Authorised push payment scams carried out by cyber criminals helped them steal £236 million from UK consumers in 2017 and another £145 million in the first six months of 2018, industry group UK Finance has revealed.
The UK stopped £1.4 billion worth unauthorised fraud last year
Research carried out by UK Finance revealed that the UK saw as many as 43,875 cases of authorised push payment scams last year that impacted a total of 42,837 UK consumers. Such scams involve scammers tricking consumers into authorising payments to them and since consumers authorise such fund transfers themselves, they often struggle to recover the amount from their banks.
Aside from authorised push payment scams, UK Finance also released figures that described the rise or fall in other types of financial scams such as remote purchase (card-not-present) fraud, counterfeit card fraud, lost and stolen card fraud, card ID theft, retainer face-to-face card fraud, phone banking fraud and online banking fraud.
Considering the threat posed to citizens as well as to the nation’s economic health by financial fraud and scams, the financial services sector in the UK has invested millions of pounds over the years to detect and prevent such scams and succeeded in stopping over £1.4 billion worth unauthorised fraud last year.
“To help protect customers, we have developed initiatives such as the Banking Protocol – a ground-breaking rapid response scheme through which branch staff can alert police and Trading Standards to suspected frauds taking place. In 2017, while the Protocol was being rolled out to police forces across the country, it prevented £13.3 million of fraud and led to 129 arrests,” said Katy Worobec, Managing Director for Economic Crime at UK Finance.
Rise of authorised push payment scams
Despite such success, losses due to unauthorised fraud still totalled almost £732 million last year and combined with £236 million lost to authorised push payment scams, total losses incurred by UK citizens and businesses almost touched £1 billion last year.
According to figures released by the industry body, while payment card fraud accounted for 58 percent of all financial fraud losses last year, authorised push payment fraud accounted for 24 percent, and remote banking fraud accounted for 16 percent of all financial fraud losses.
Financial scams and fraud that incolved UK-issued cards resulted in losses of £566 million in 2017 which was similar to the amount lost in 2015 but significantly lesser than £618 million lost by citizens and businesses in 2016. Out of the £566 million lost in 2017, £407 million was lost to fraudulent operations within the country and £158 million was lost to fraudsters operating abroad.
According to Worobec, since financial fraud affects the whole of society, people from the public and the private sector must work together to stamp out fraud and to help people to confidently challenge the activities of cyber criminals.
“It is important to empower the customer by putting control over their account in their hands. This means they should be aware of any activity on their account and that they are in control of the authorisation and rejection of requests. While this level of agency and autonomy is important, banks still have a responsibility to enable their customers by providing them with the ability to monitor their finances in this way, and they should do everything they can to ensure that the system they have in place is secure,” said Frans Labuschagne, Country Manager for UK & Ireland at Entersekt.

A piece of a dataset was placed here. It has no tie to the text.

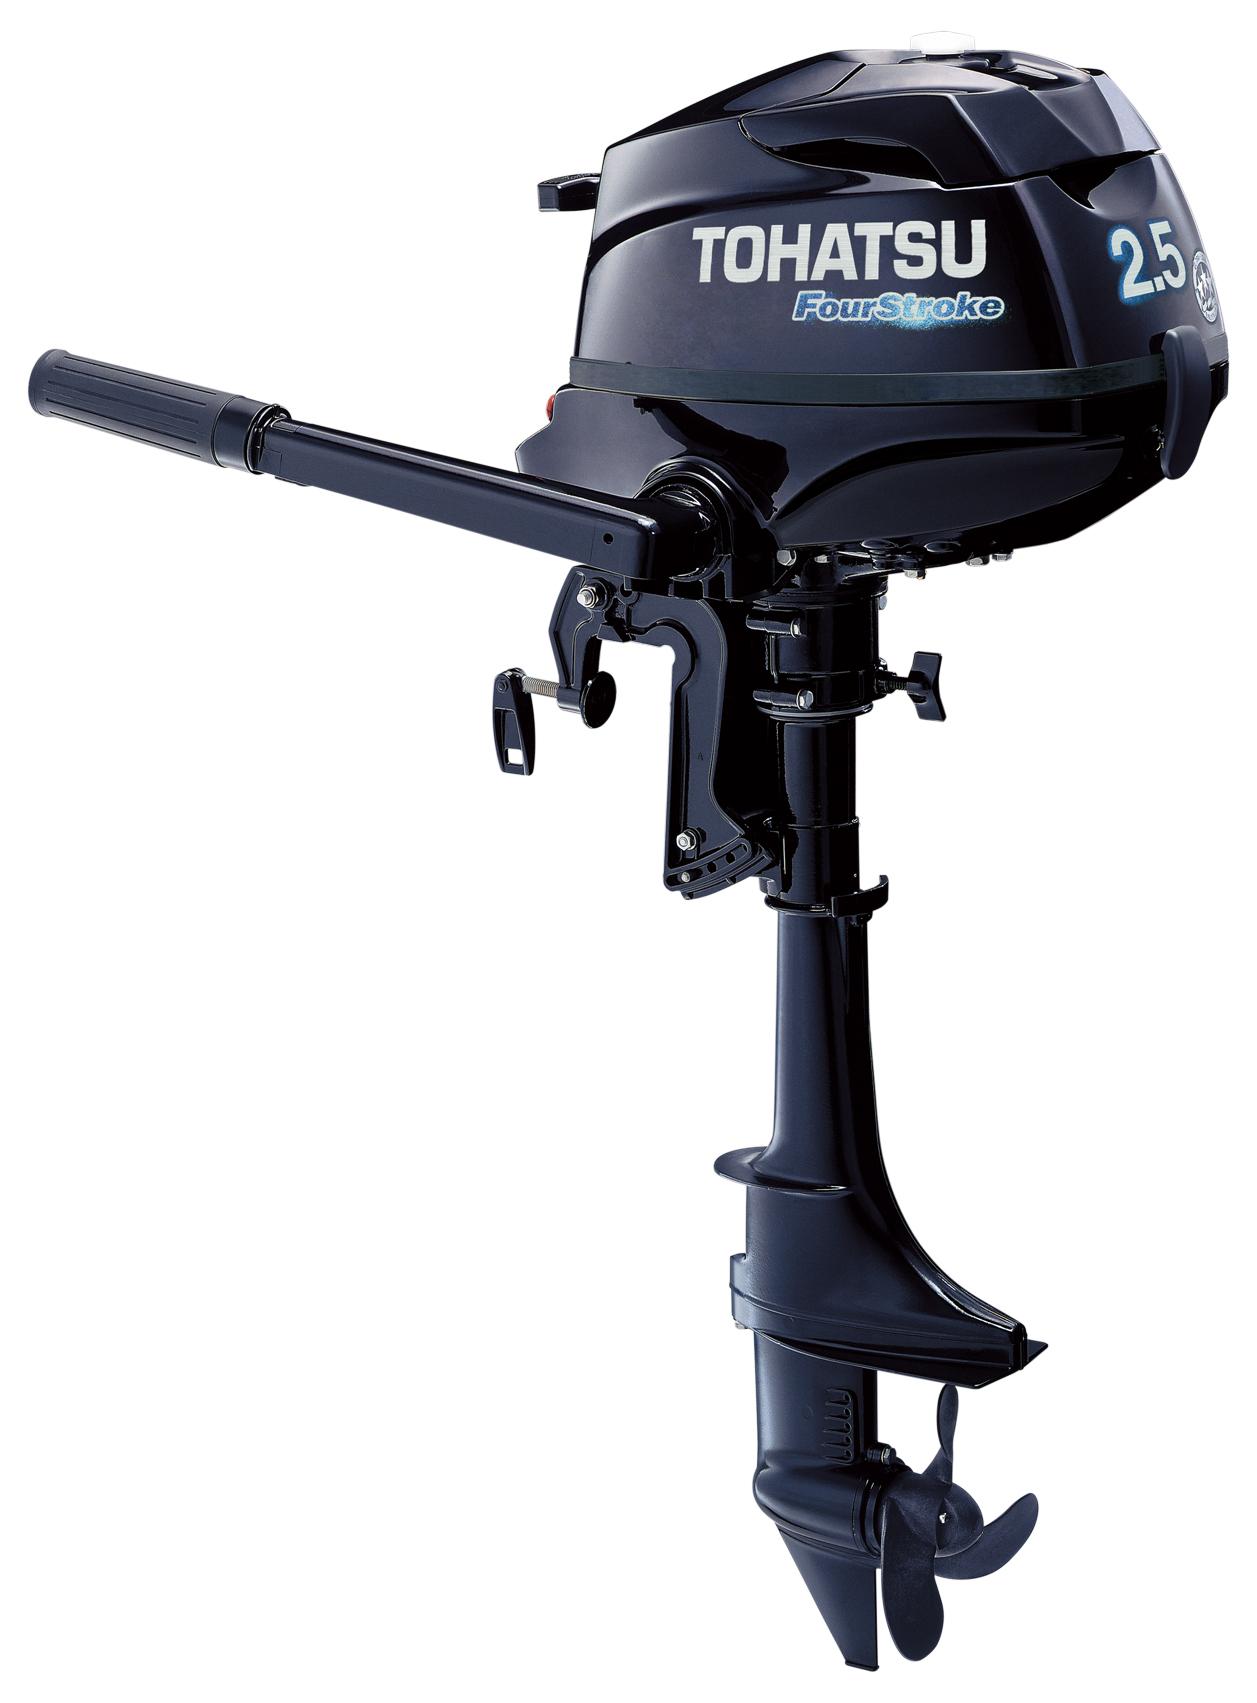 2016 Tohatsu 2 5 Hp 4 Stroke Outboard Motor Tiller 15

“To protect themselves against fraud, customers should watch out for unsolicited SMSes or emails that requires them to click a link and/ or provide sensitive information, or to directly reply with sensitive information such as usernames, passwords, or password reset codes. They should also ensure that their mobile device software is up to date to ensure the latest security updates are applied, which address OS exploits and vulnerabilities that malicious apps rely on to extract information,” he added.